_SOURCE MATERIAL_:
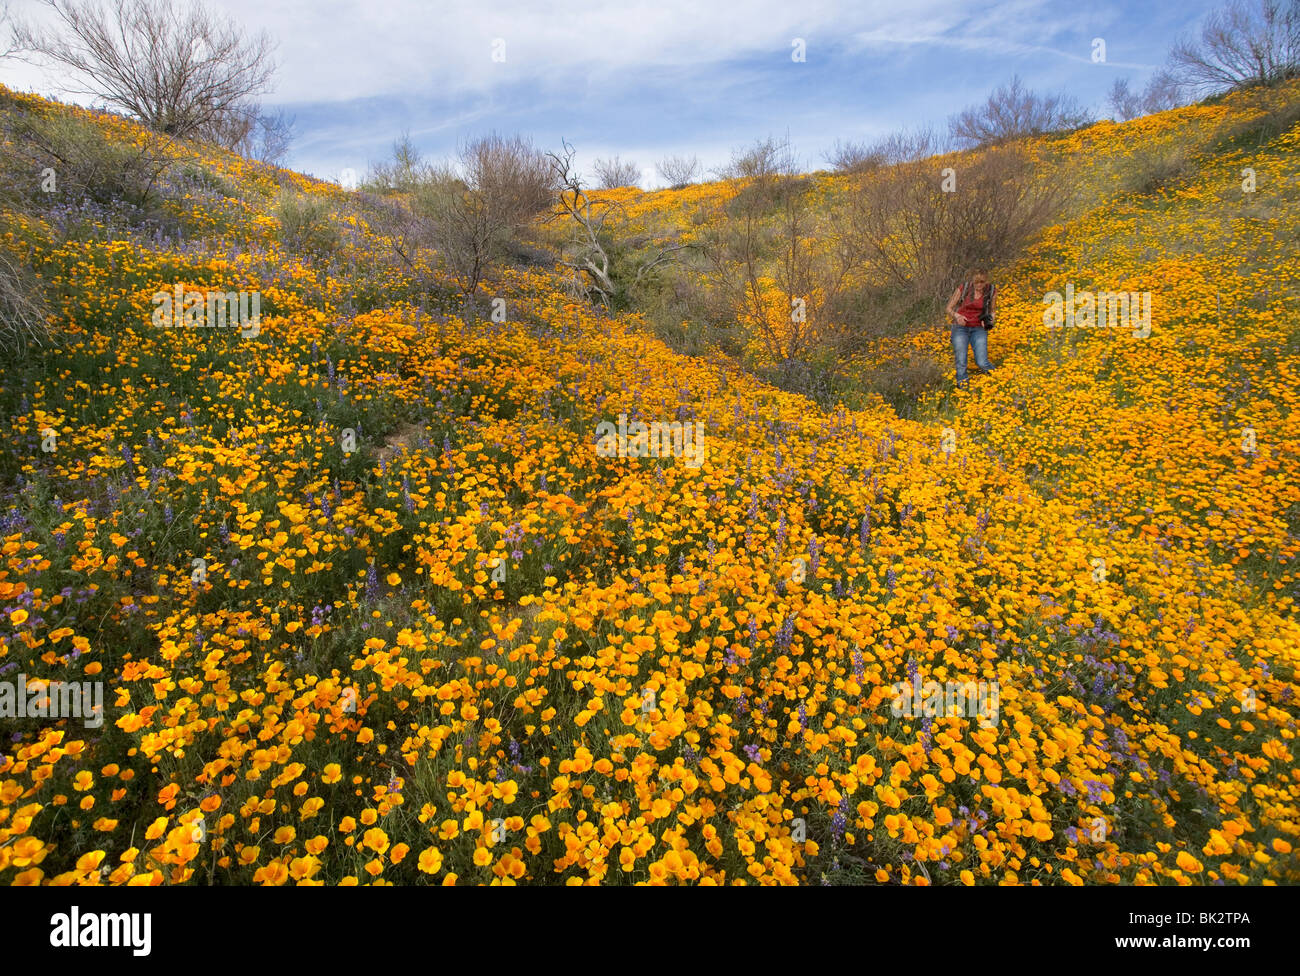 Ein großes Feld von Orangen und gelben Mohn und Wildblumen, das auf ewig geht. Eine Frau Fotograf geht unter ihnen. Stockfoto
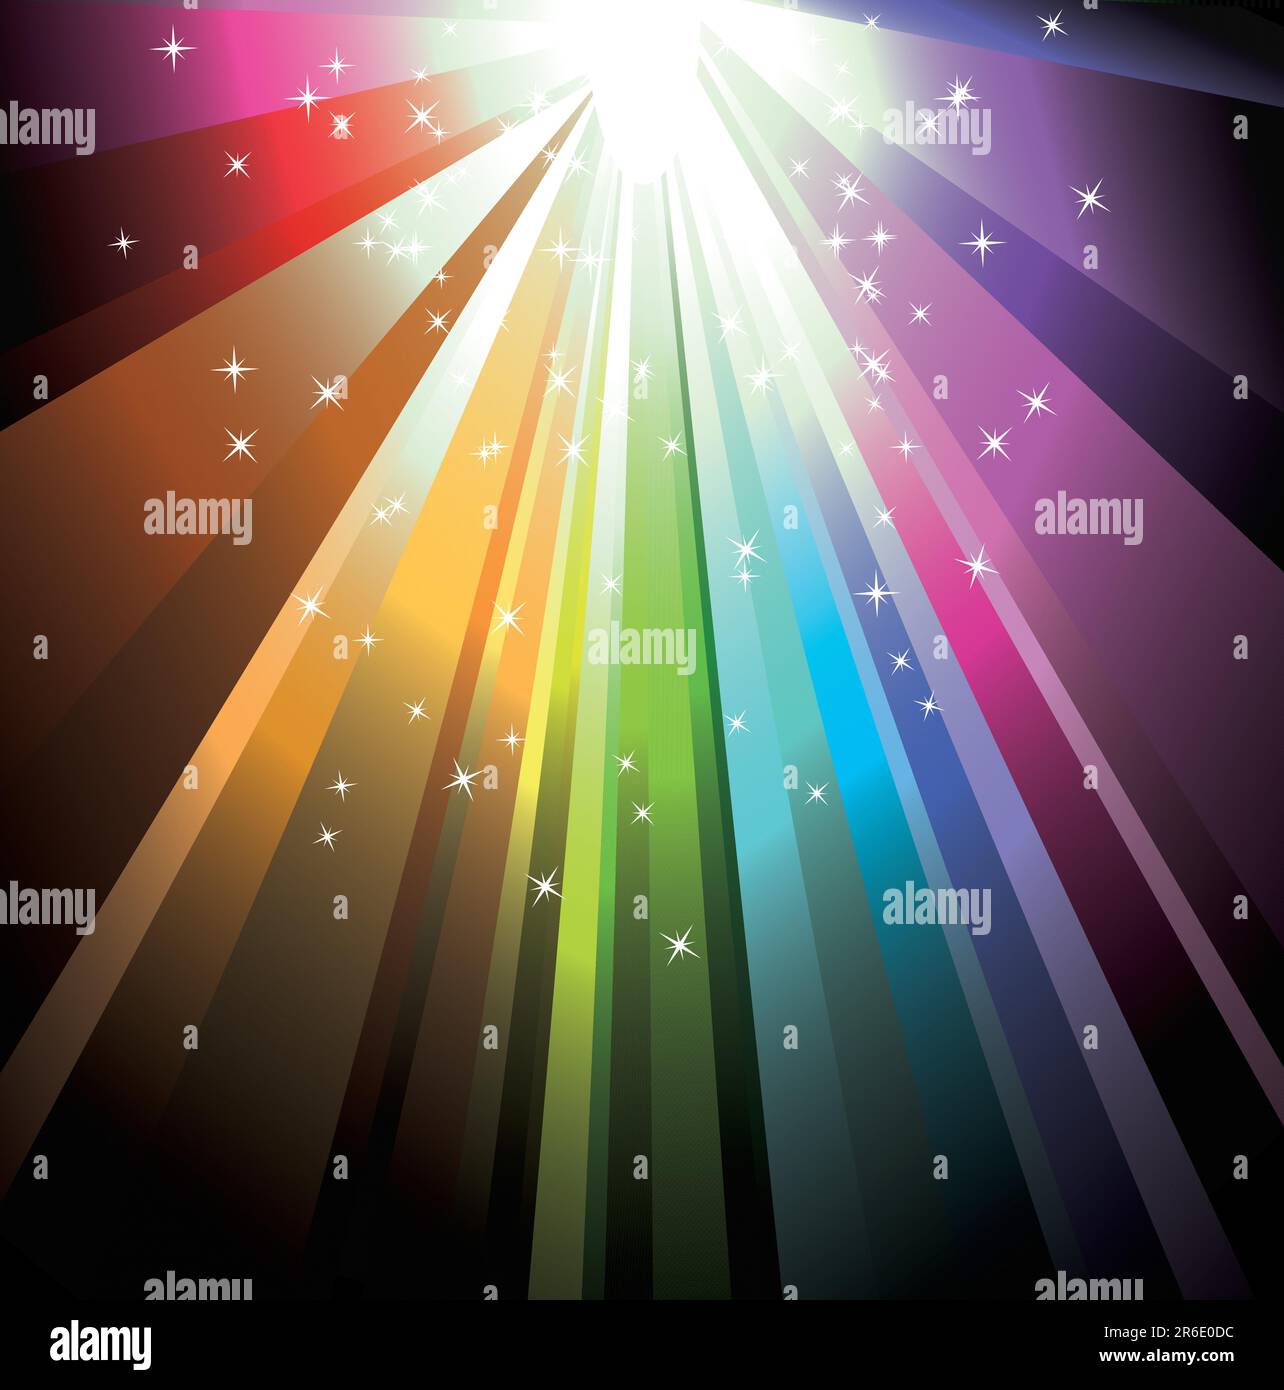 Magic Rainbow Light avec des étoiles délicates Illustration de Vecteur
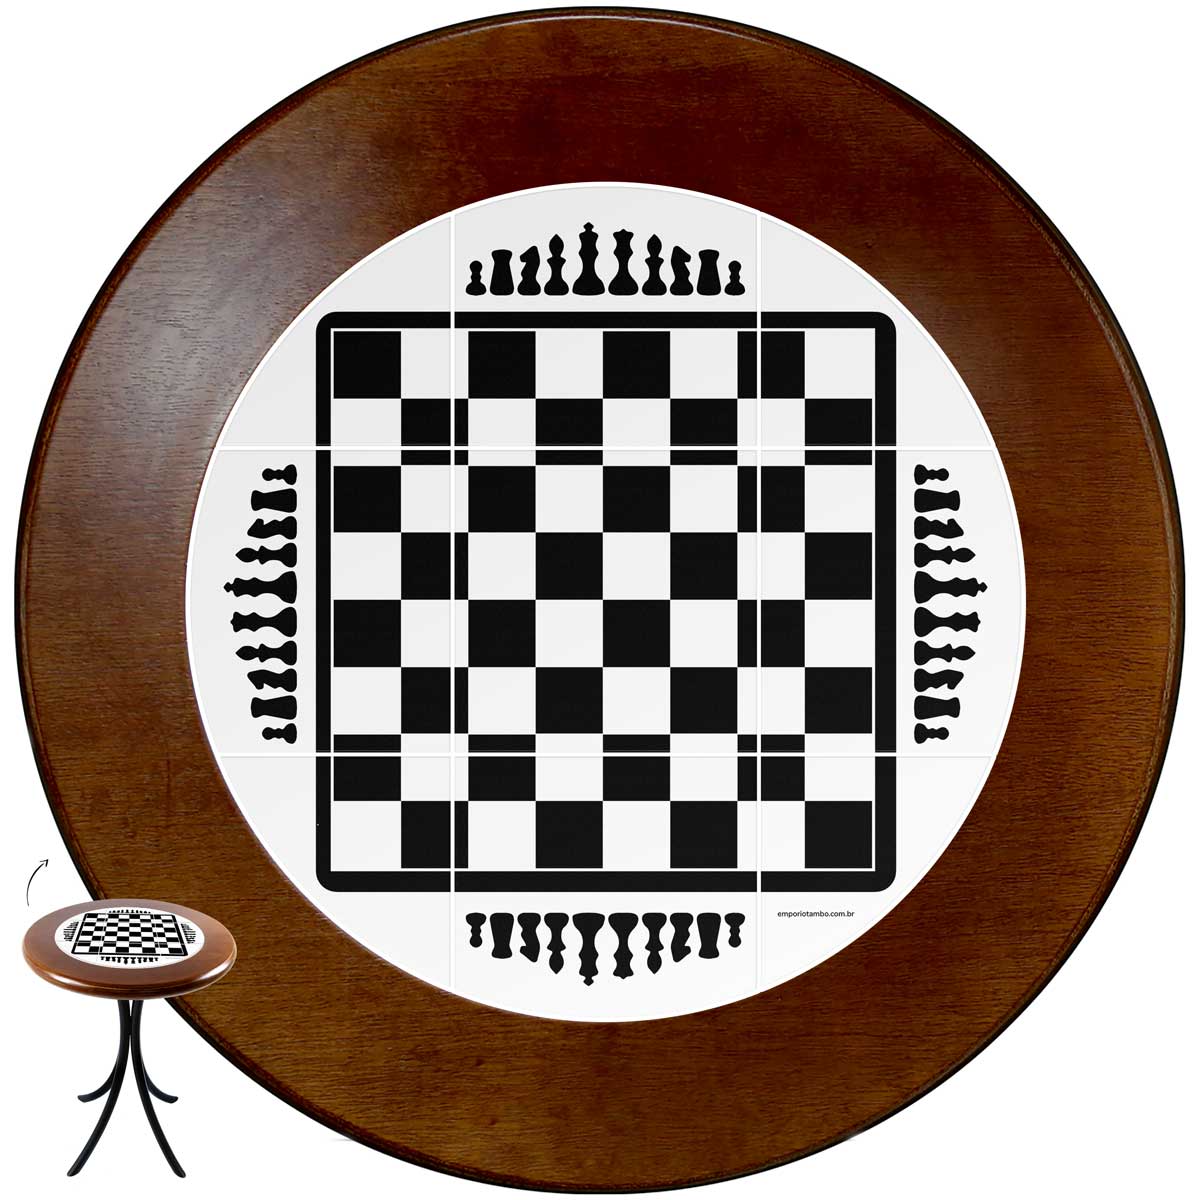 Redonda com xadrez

_WORK TO COMPLETE_: From the data above, write out everything exactly except the pictures.

_THE ANSWER_:
 Ein großes Feld von Orangen und gelben Mohn und Wildblumen, das auf ewig geht. Eine Frau Fotograf geht unter ihnen. Stockfoto
 Magic Rainbow Light avec des étoiles délicates Illustration de Vecteur
 Redonda com xadrez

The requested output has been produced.